Statistical Analysis of Sparse and Piecewise-linear Regression

Contact: Julien Fageot

Levels: Master semester project, or Master thesis

Sections: IC, EE, SMA

Recent works have investigated the possibility of recovering continuous-domain signals from their discrete observations using sparsity-promoting variational methods. The resulting interpolation problem is then cast as a functional sparse inverse problem. In this project, we focus on piecewise-linear continuous-domain reconstruction, which is achieved by regularising the inverse problem with the total-variation norm of the second derivative of the signal. Such reconstruction combines the advantage of simplicity and efficiency (for instance, deep neural networks based on ReLU activation functions actually perform piecewise-linear representations of the data) and allows for a sparse and adaptive signal representation. 

The underlying optimization task has been recently studied in detail and an elegant and very efficient algorithm able to reach the sparsest piecewise-linear continuous-domain representation of the signal has been proposed. The goal of the project is to build on this breakthrough result and to perform an innovative statistical analysis of the functional and sparse reconstruction method.
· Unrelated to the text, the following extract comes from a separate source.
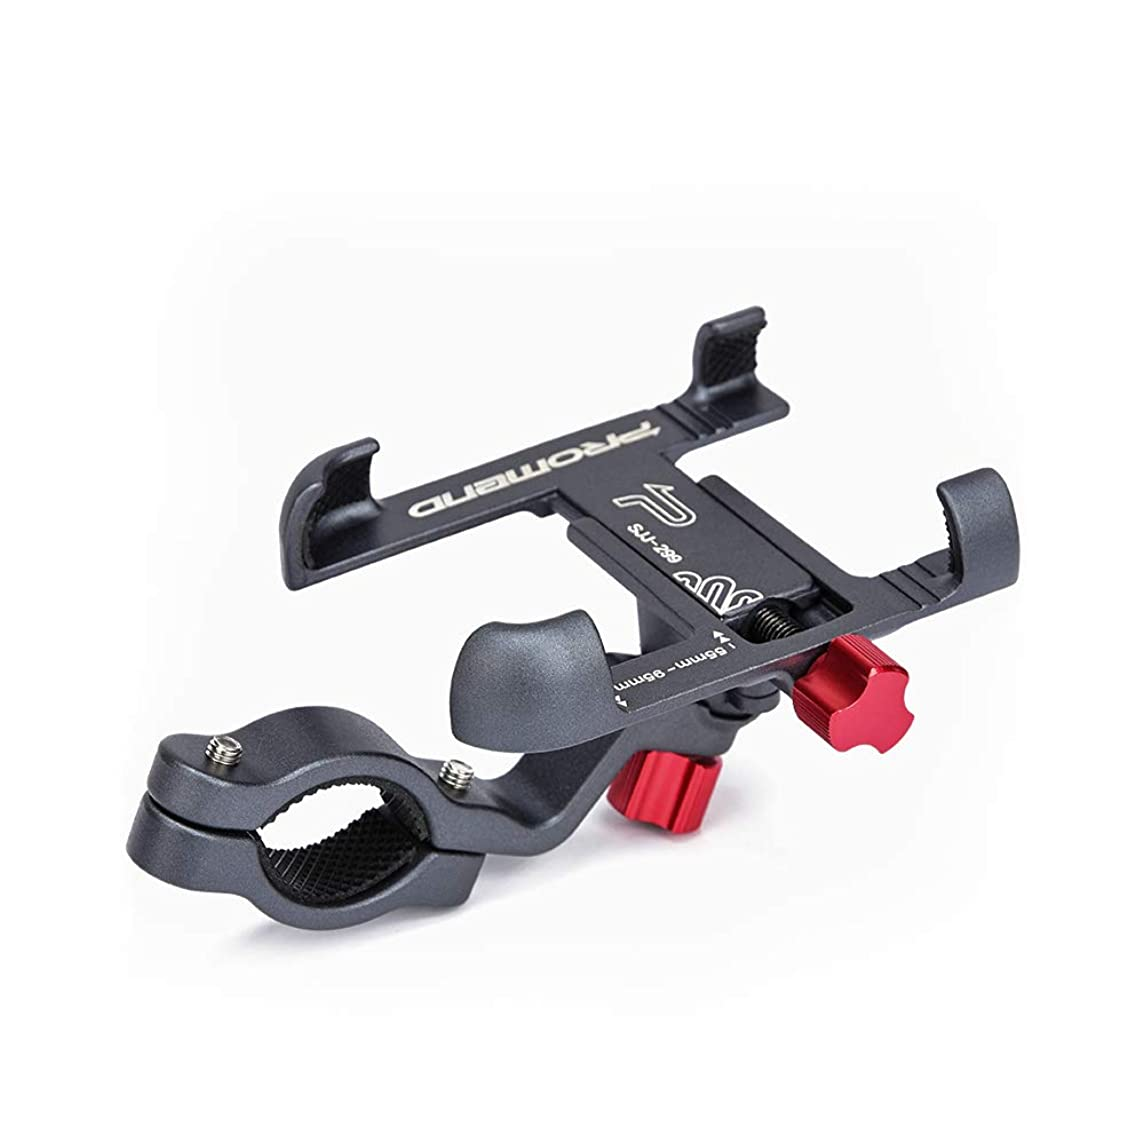 Promend Universal Aluminium Bike Phone Mount, Adjustable from 2.2-3.7

By relying on various probabilistic models, ranging from sparse (Poisson processes) to smooth (Gaussian processes) models, one main objective will be to quantify the statistical properties and performances of the proposed algorithm. 

The project will include both theoretical and computational aspects that can be adapted to the student’s scientific interests. Being at ease with statistics, optimization, functional analysis, and advanced learning topics is expected.

Reference:
[1] Thomas Debarre, Quentin Denoyelle, Michael Unser, Julien Fageot,
Sparsest Continuous Piecewise-Linear Representation of Data (2020). arXiv.